The story emerges in the late fifteenth-century history of Aşıkpaşazade as follows:
He saw that a moon appeared from the holy man’s breast and came to submerge in his breast. A tree then germinated from his navel, and its shadow compassed the world. Below this shadow, there were mountains, and waters flowed ahead from the foot of each mountain. Some people drank from these flowing waters, others sprinkled gardens, while yet others created fountains to flow. When Osman waked, he told the story to the holy man, who said ‘Osman, my son, congratulations, for God has given the imperial office to you, and your descendants and my daughter Malhun shall be your wife.
*The dream grew an essential foundational myth for the empire, imbuing the House of Osman with God-given authority over the earth and providing its fifteenth-century audience with an explanation for Ottoman success.
The dream story may also have helped as a kind of the compact: just as God vowed to provide Osman and his descendants with supremacy, it was also implied that it was the responsibility of Osman to present his subjects with prosperity.
The Sword of Osman
The Sword of Osman was an essential sword of state used during the inauguration ceremony of the Ottoman Sultans. The tradition started when Osman was girt with the sword of Islam by his father-in-law Sheik Edebali. The engirdle of the sword of Osman was a necessary tradition that took place within two weeks of a sultan’s acceptance to the throne. It took place at the tomb complex at Eyüp, on the Golden Horn waterway in the capital Constantinople.
*The truth that the emblem by which a sultan was crowned consisted of a sword was profoundly symbolic: it showed that the duty with which he was entrusted was first and foremost that of a warrior.

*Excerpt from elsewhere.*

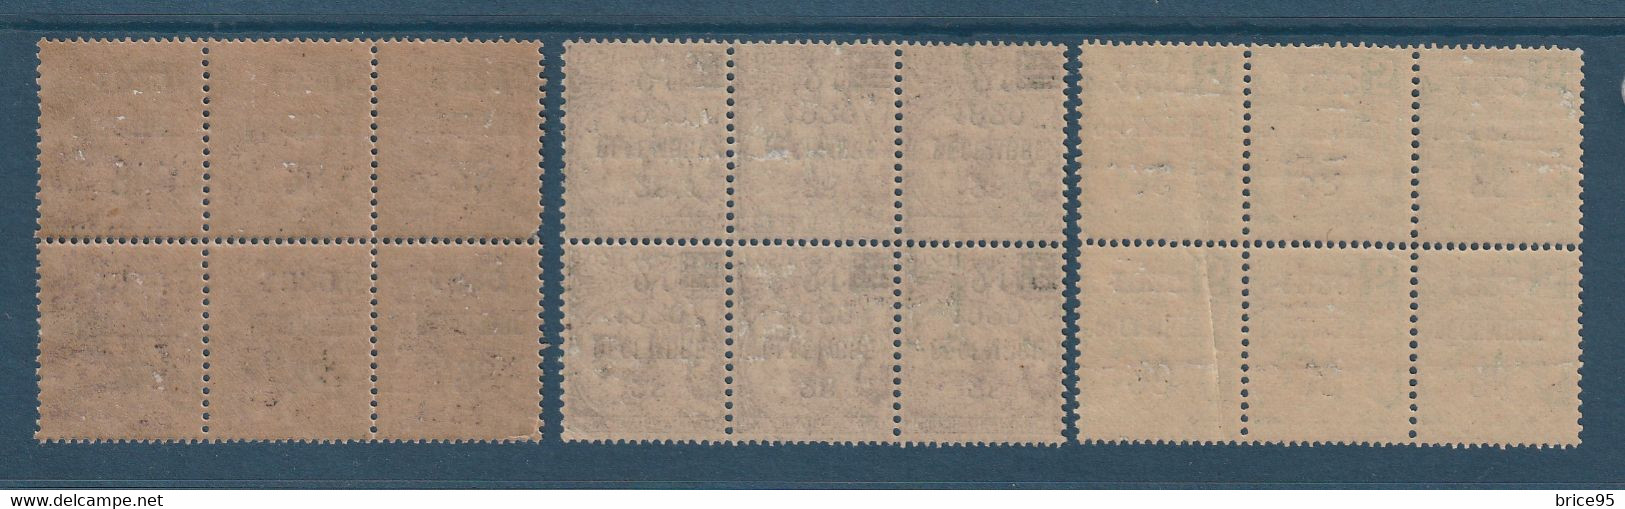 ⭐ Monaco - YT N° 48 à 50 - Neuf Avec Legère Adhérence - 1921 ⭐ - Unused Stamps
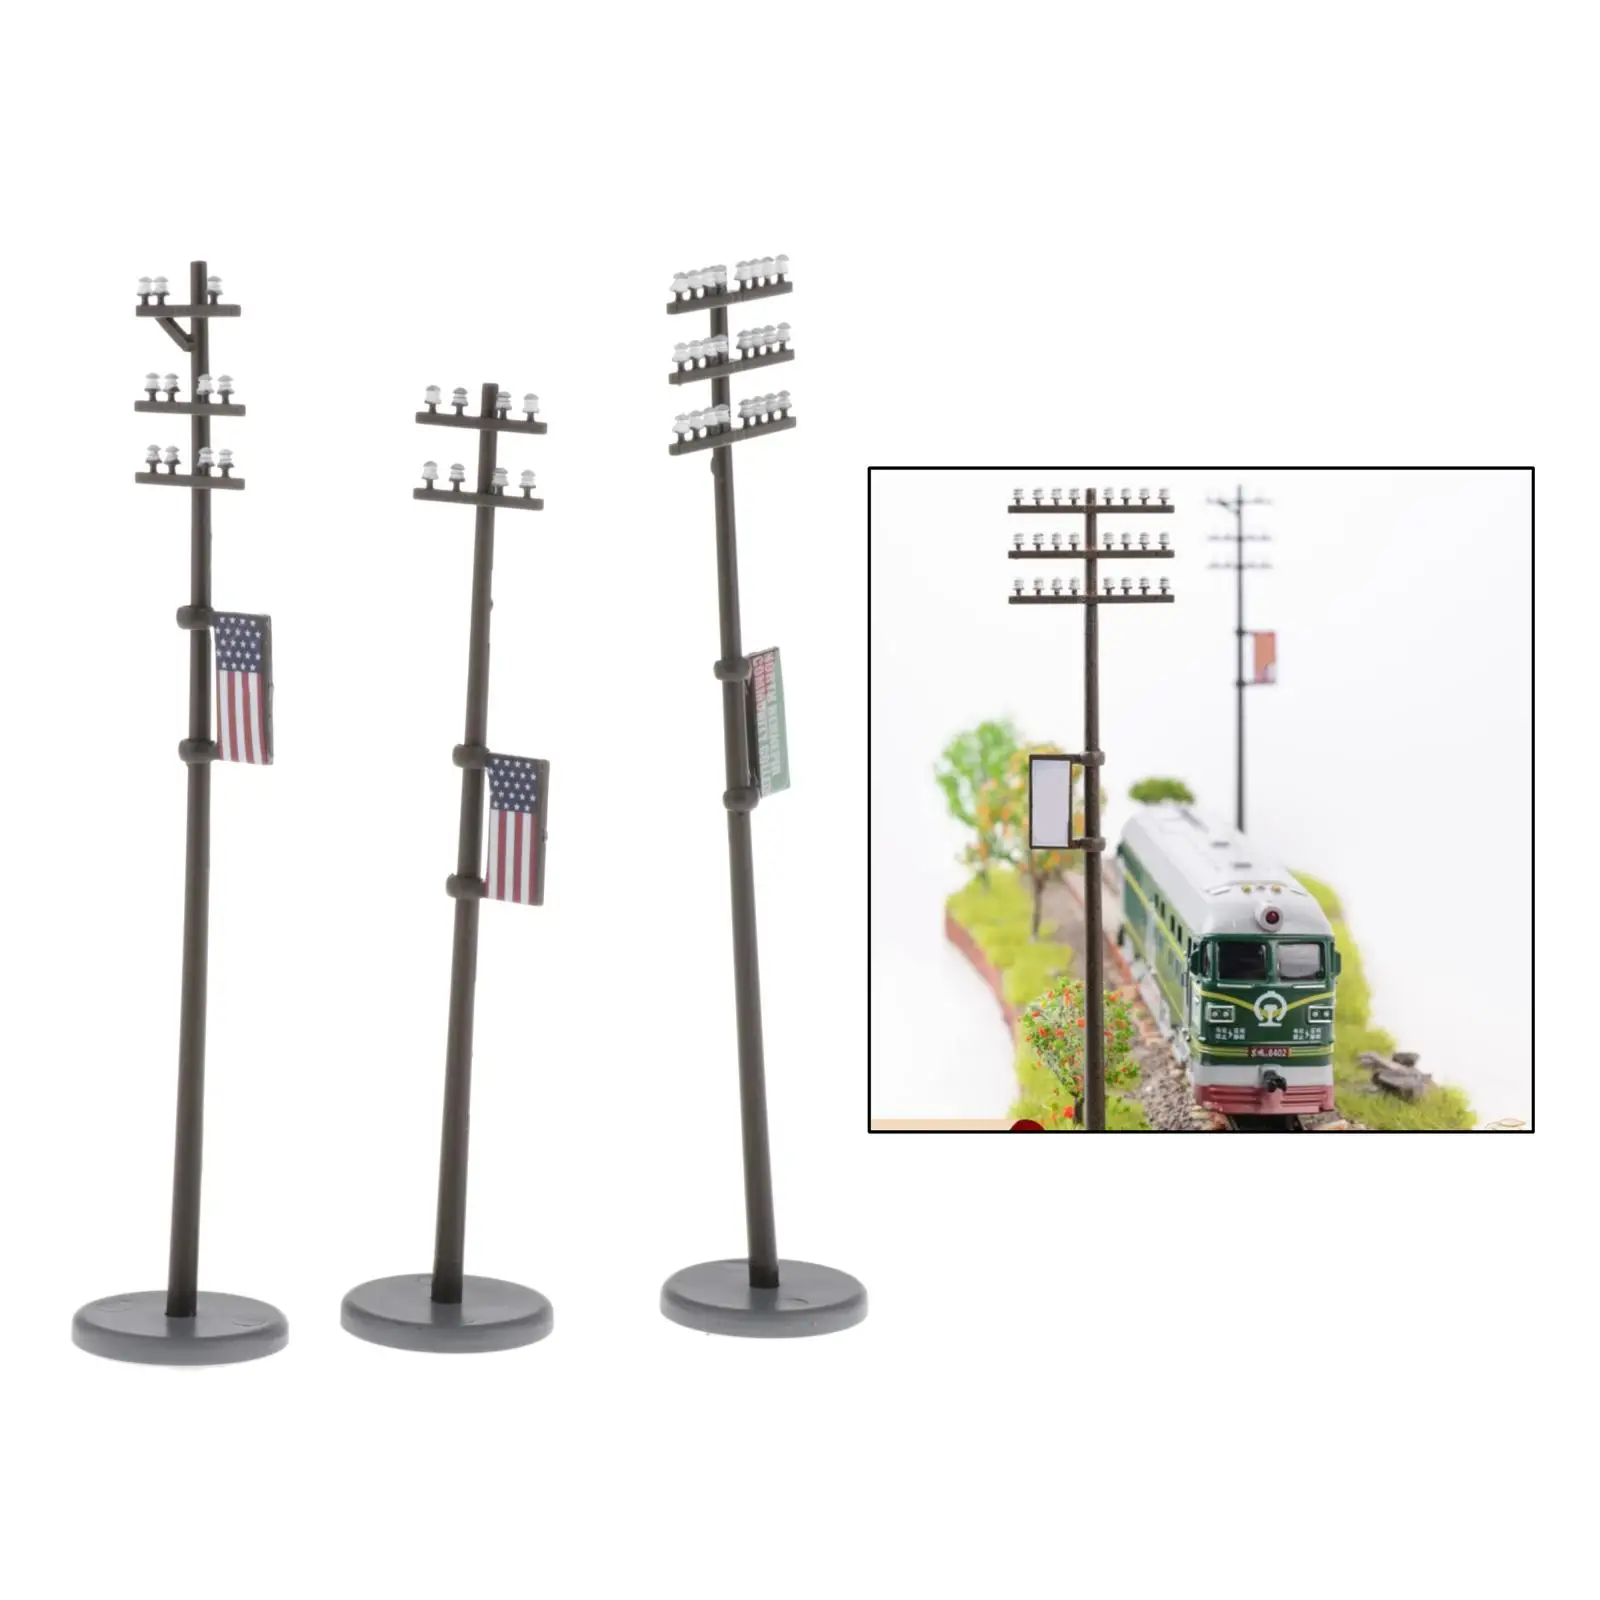 3 Pieces 1/42 Electricity Masts Telephone Mast Set LANDSCAPE Building

The Sword of Osman was fastened on to the new sultan by the Sharif of Konya, a Mevlevi dervish, who was recalled to Constantinople for that purpose.
Military Victories–– Rise & Power
In 1302, after soundly crushing a Byzantine army near Nicaea, Osman started settling his troops closer to Byzantine dominated areas. The huge number of Ghazi warriors, Islamic authorities, and dervishes commenced living in Osman-dominated regions, and migrants formed the bulk of his army. The entrance of Ghazi warriors and explorers of differing backdrops into these lands drove succeeding Ottoman rulers to title themselves “Sultan of Ghazis.”
Terrified by Osman’s expanding control, the Byzantines deliberately escaped the Anatolian countryside and committed their resources to the Navy rather. Byzantine leadership was circumscribed to restrict Osman from passing into Europe and strived to contain Ottoman extension westward. Osman, however, proceeded to press westward and caught the Byzantine city of Ephesus near the Aegean Sea. Moreover, strengthened by the entrance of migrants into his empire, Osman also went eastward and took Byzantine domains in the Black Sea region of Anatolia.
*Osman’s last crusade, before falling of old age, was against the Byzantines in the city of Bursa. Although Osman did not physically compete in the battle, the victory at Bursa determined to be notably vital for the Ottomans as the city served as a staging ground versus the Byzantines in Constantinople, and as a newly embellished capital for Osman’s son, Orhan.